DIRECTIONS FOR THIS TASK
Pictures are to be dropped, and only the lines from the one containing "Windows 10 Enterprise" through the end of the data below are to be reproduced as written.

MATERIAL PROVIDED
-------
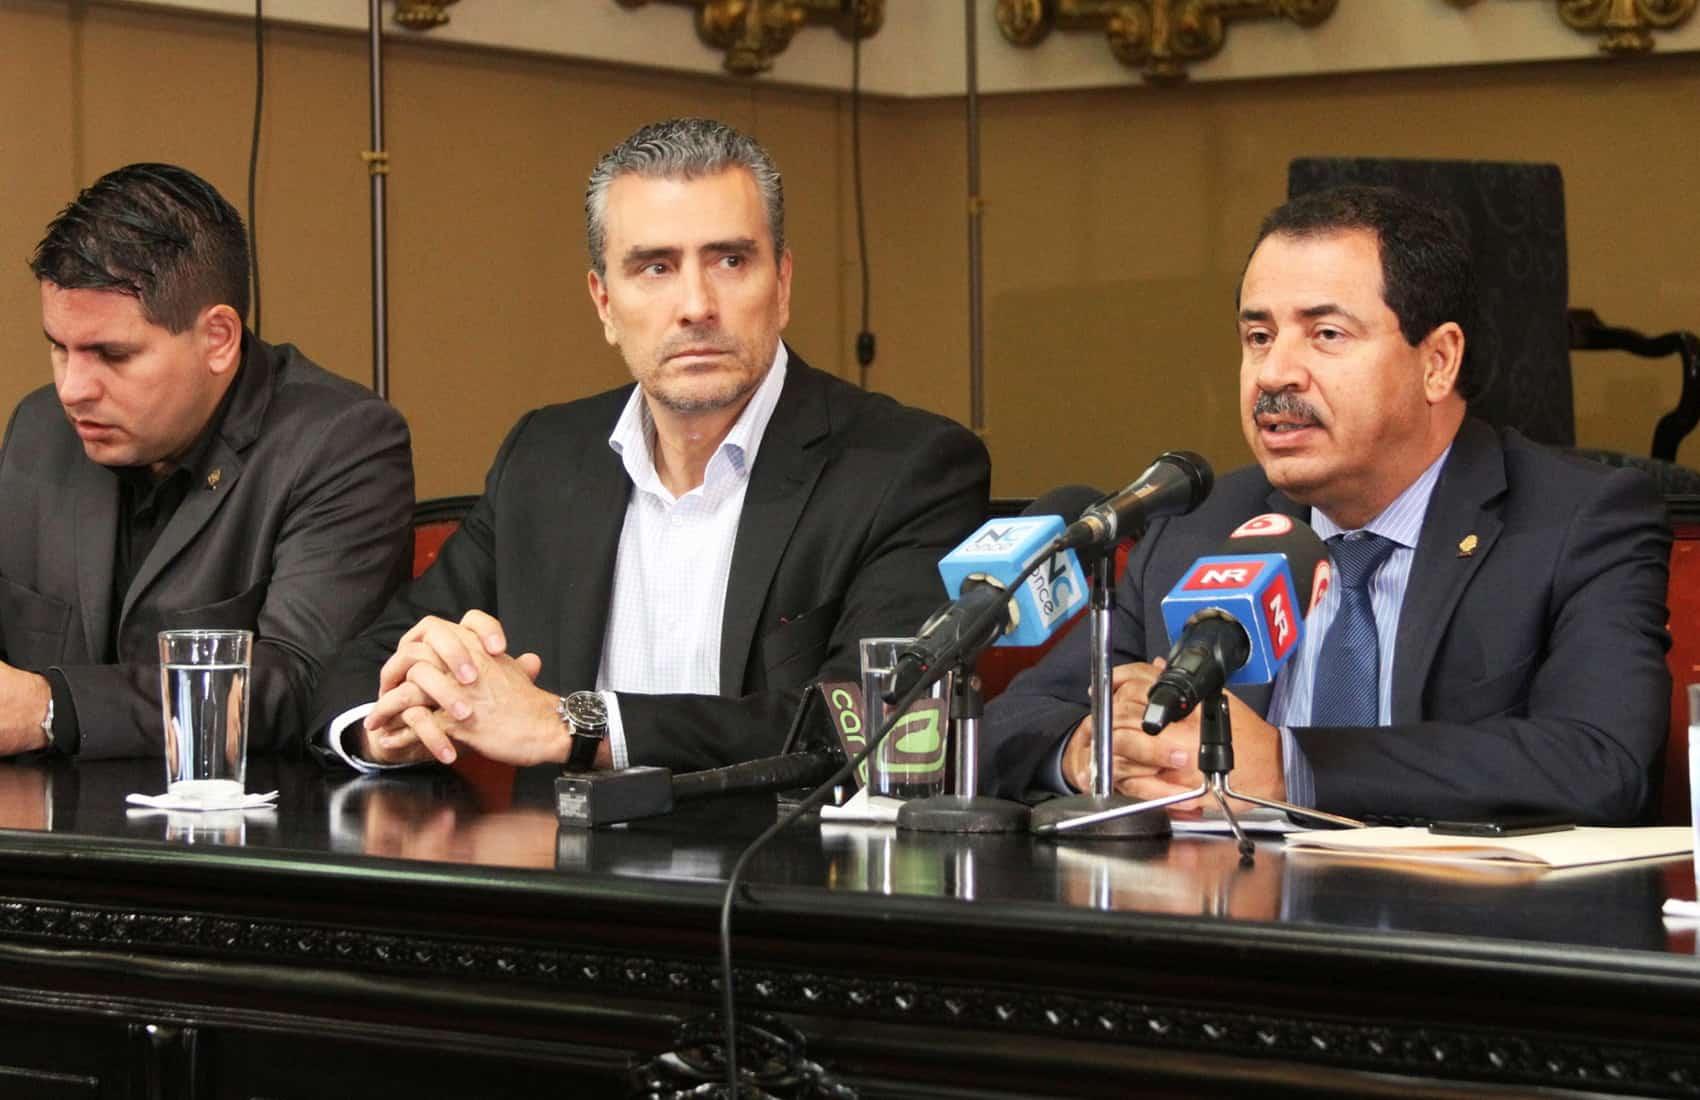 Lawmakers press conference. Dec. 19, 2014.
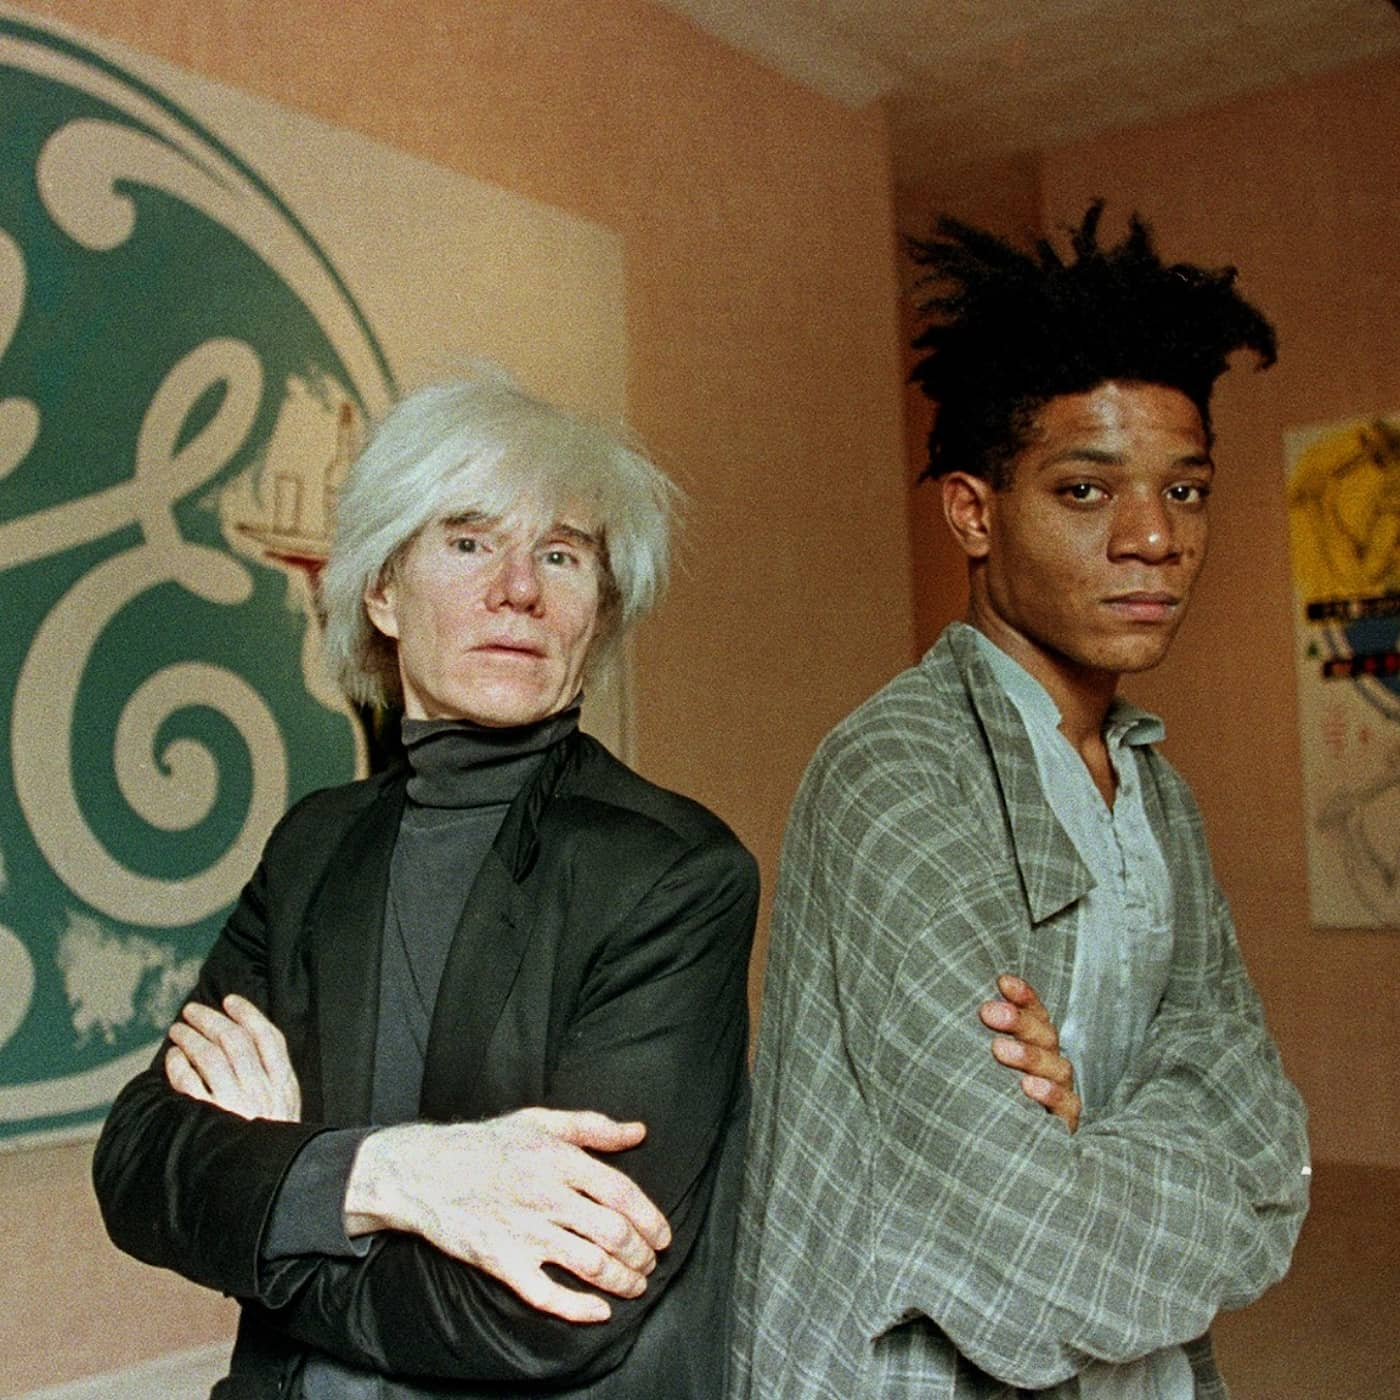 Missbrukad i modesammanhang? – konstnären Jean-Michel Basquiat
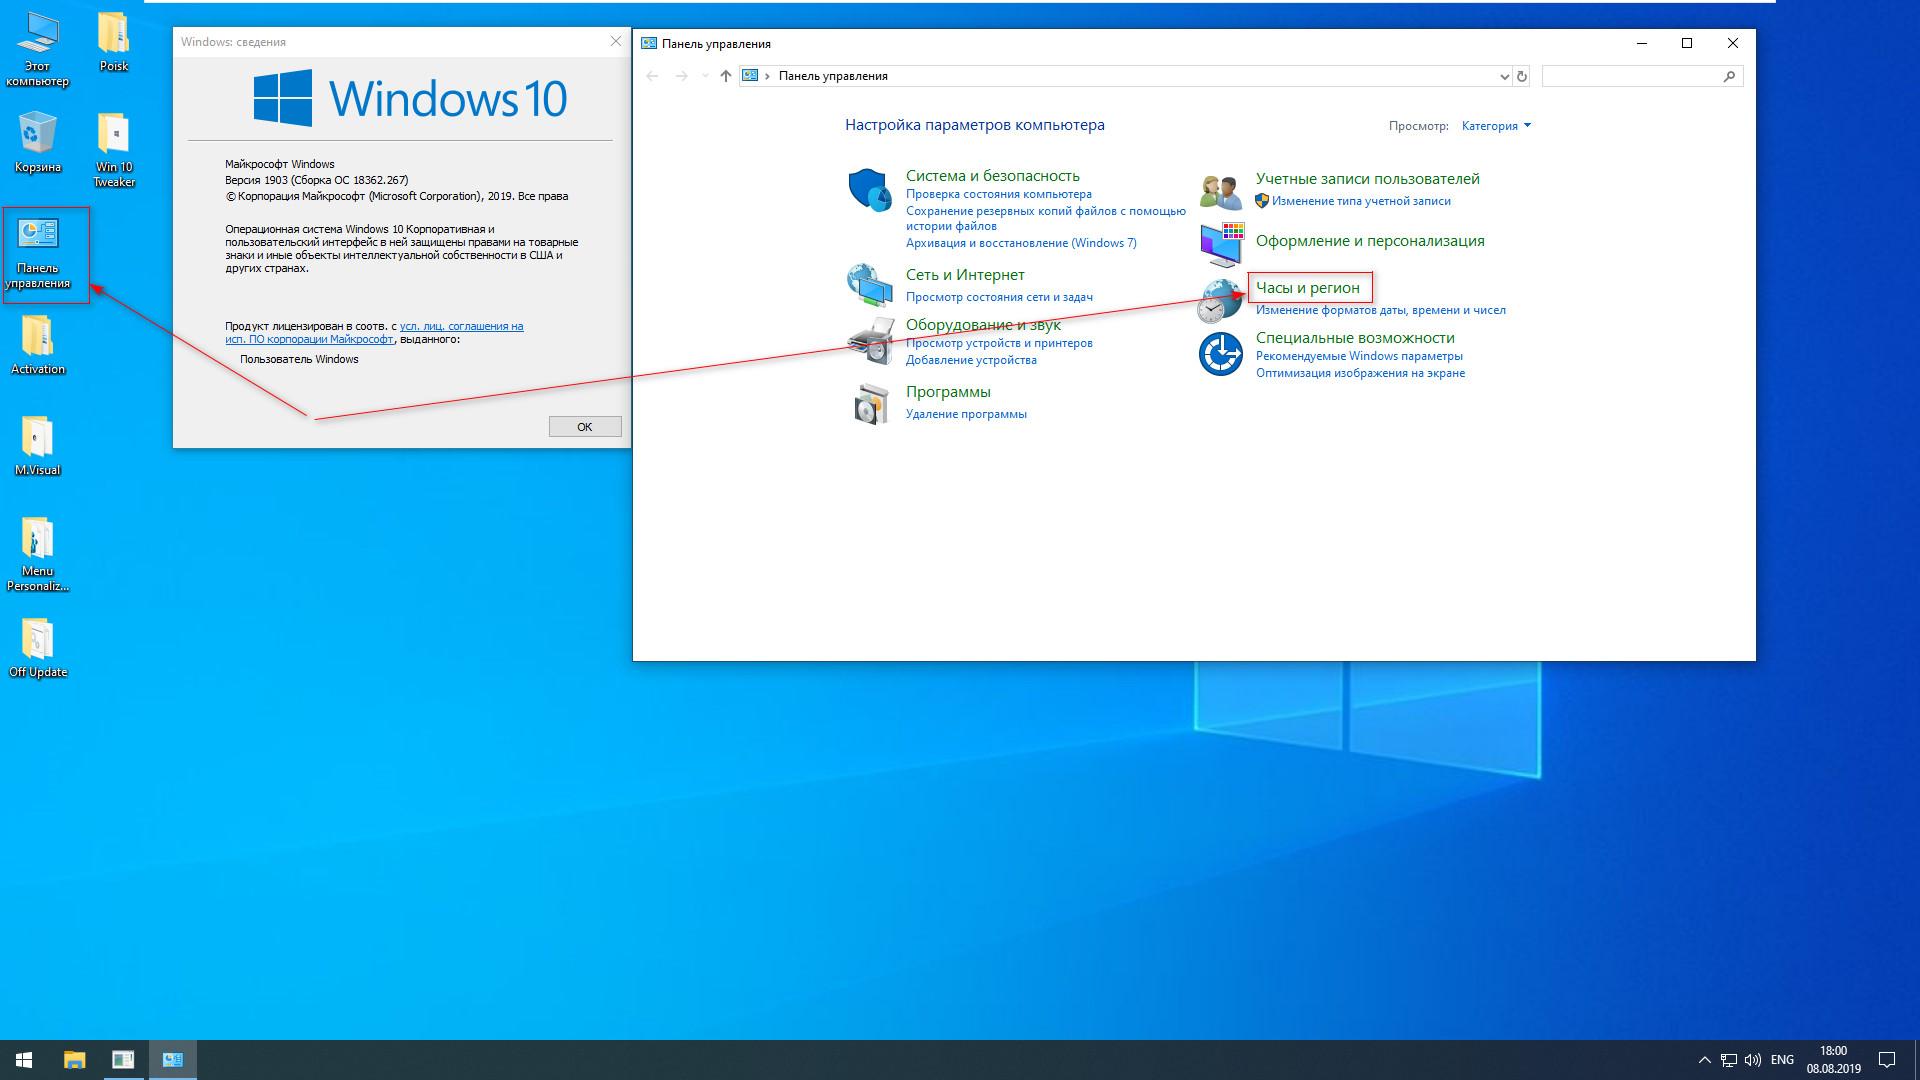 Windows 10 Enterprise x64 lite 1903 build 18362.267 by Zosma.iso - 러시아어 한글화 시도 - 그래서 그냥 원본대로 설치 후에 한글화 시도 2019-08-09_000054.jpg
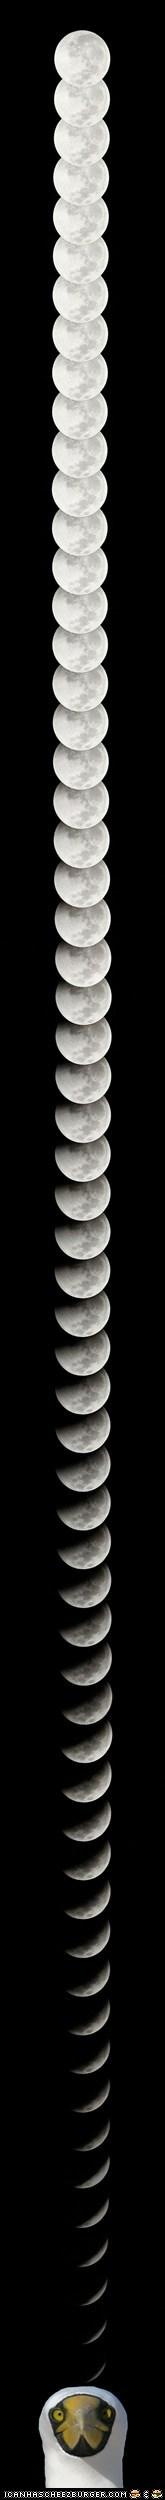 birds,long,moon,moons,surprise,wtf
-------
FINISHED EXERCISE
 Windows 10 Enterprise x64 lite 1903 build 18362.267 by Zosma.iso - 러시아어 한글화 시도 - 그래서 그냥 원본대로 설치 후에 한글화 시도 2019-08-09_000054.jpg
 birds,long,moon,moons,surprise,wtf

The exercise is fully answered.